[Given data]
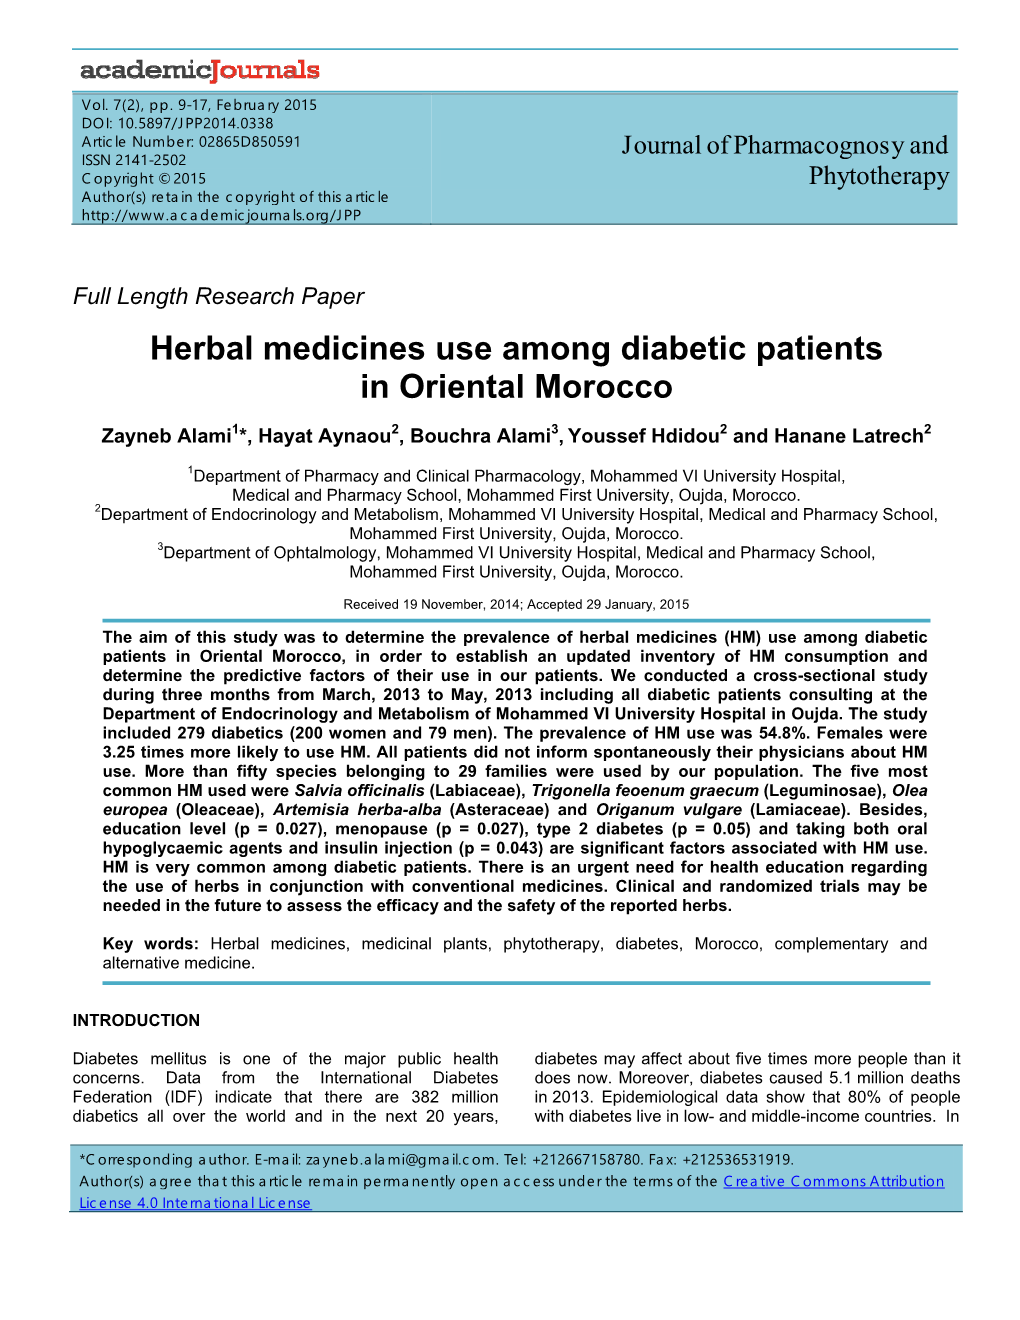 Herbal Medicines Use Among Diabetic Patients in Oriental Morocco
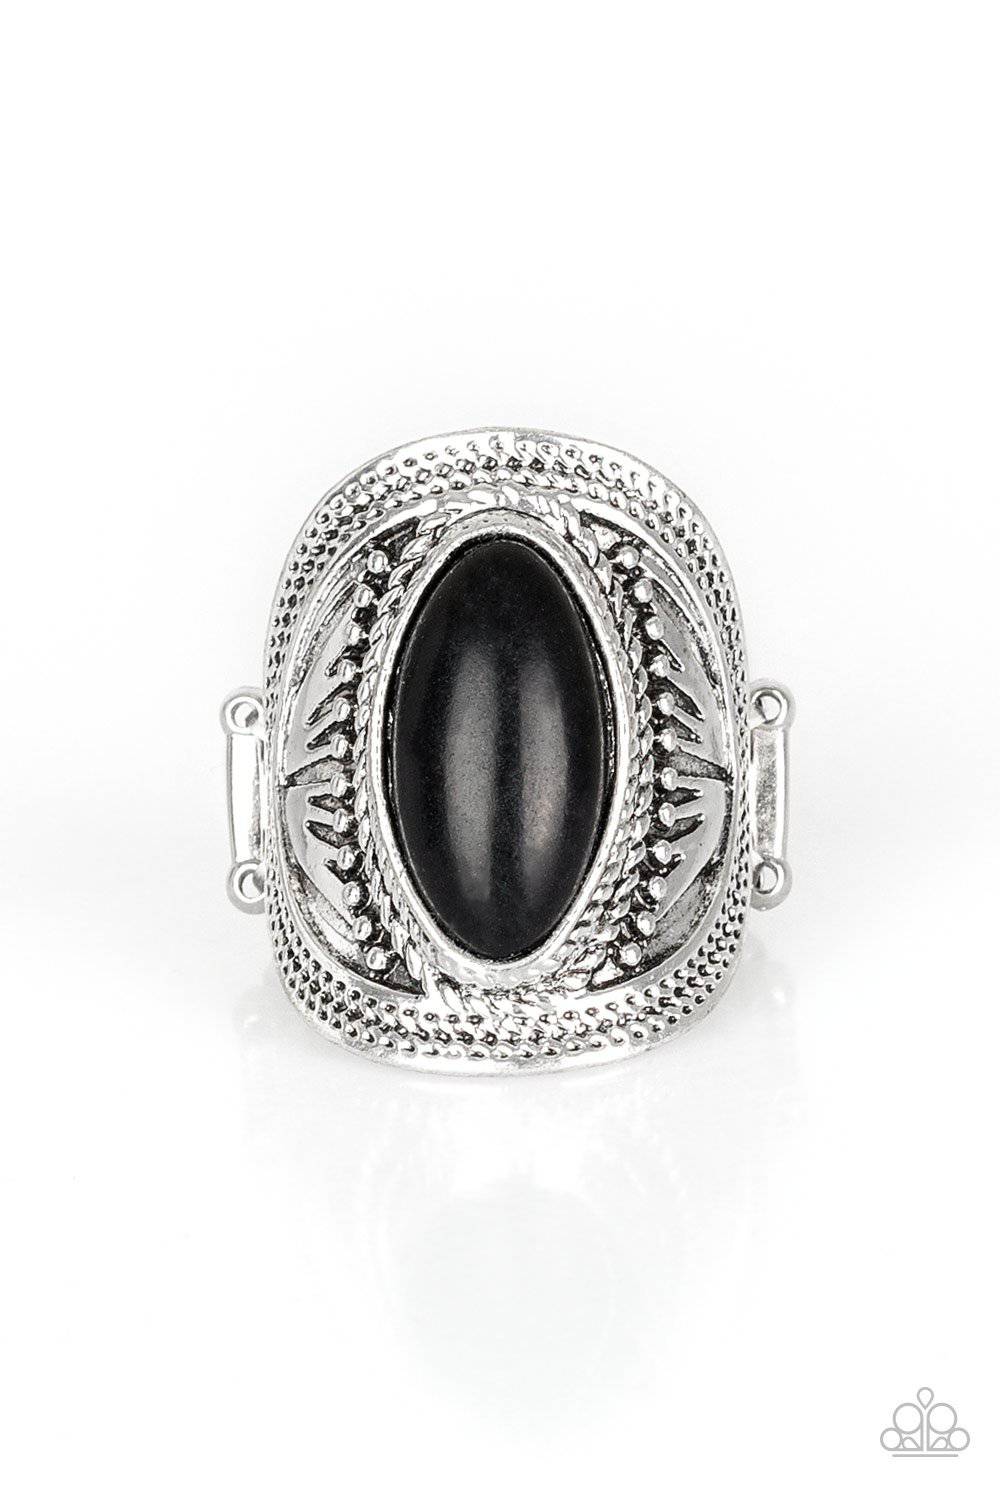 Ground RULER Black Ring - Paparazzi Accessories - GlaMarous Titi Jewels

* * *

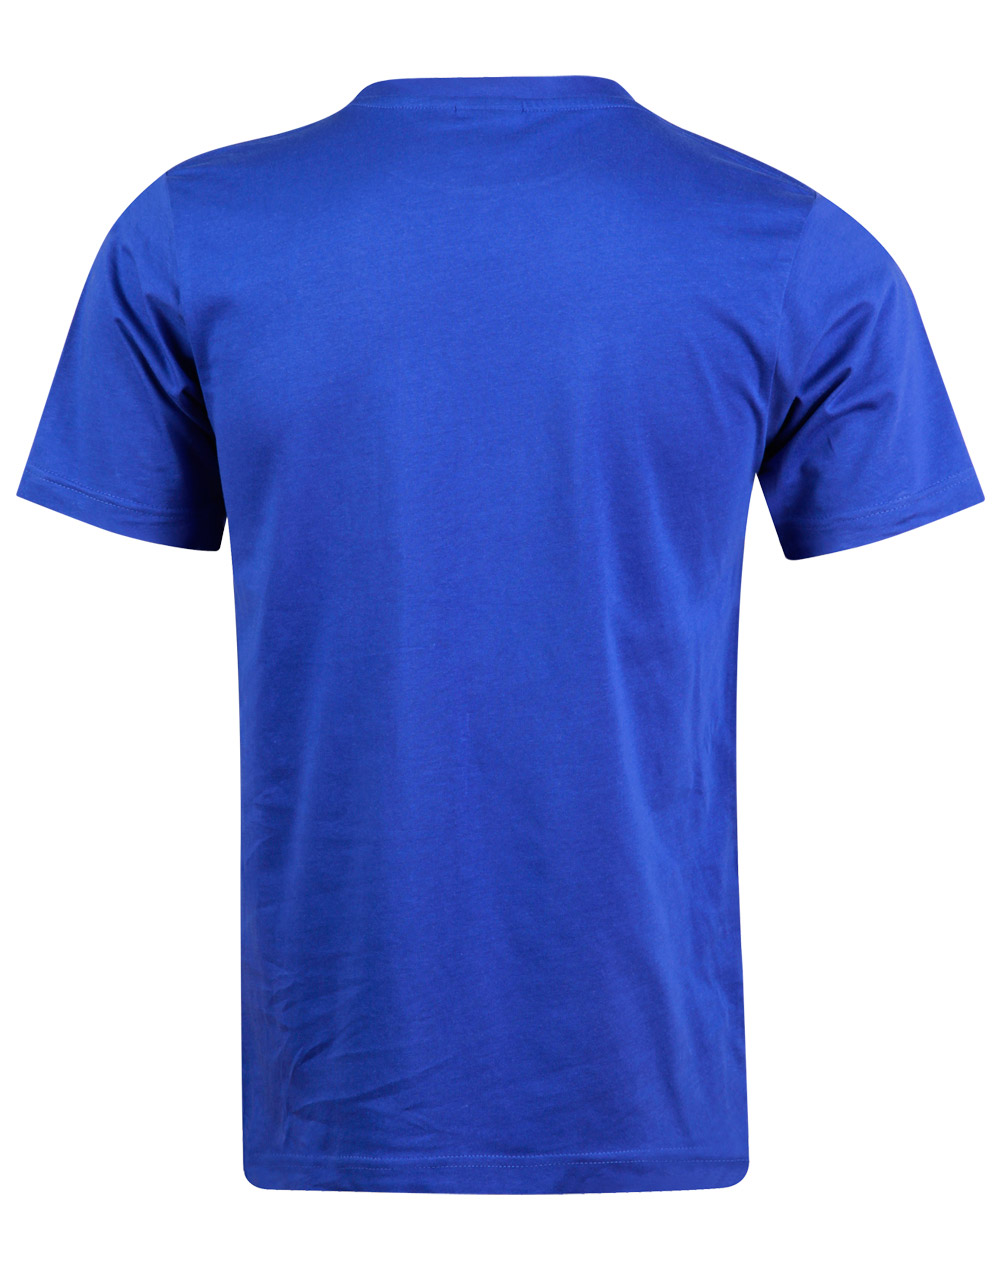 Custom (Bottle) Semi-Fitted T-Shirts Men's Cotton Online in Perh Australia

---

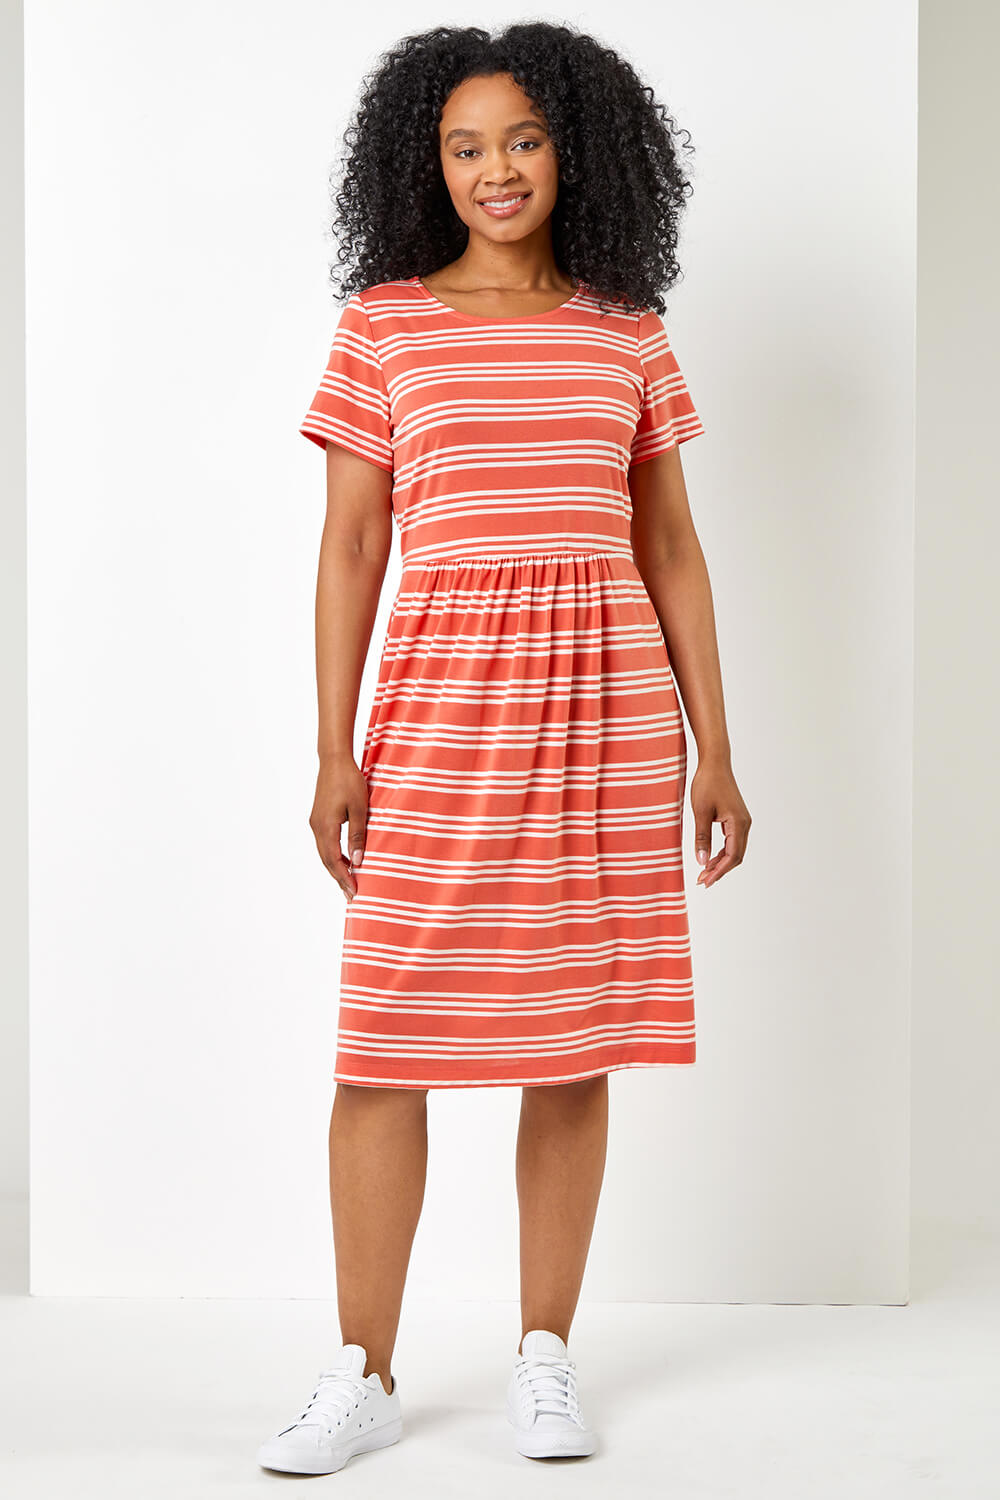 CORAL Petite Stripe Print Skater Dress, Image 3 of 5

[What you are asked to do]
Above are some records; extract exactly the lines from the one containing "Herbal Medicines Use" through the one containing "Ground RULER Black" and drop the pictures.

[Task response]
 Herbal Medicines Use Among Diabetic Patients in Oriental Morocco
 Ground RULER Black Ring - Paparazzi Accessories - GlaMarous Titi Jewels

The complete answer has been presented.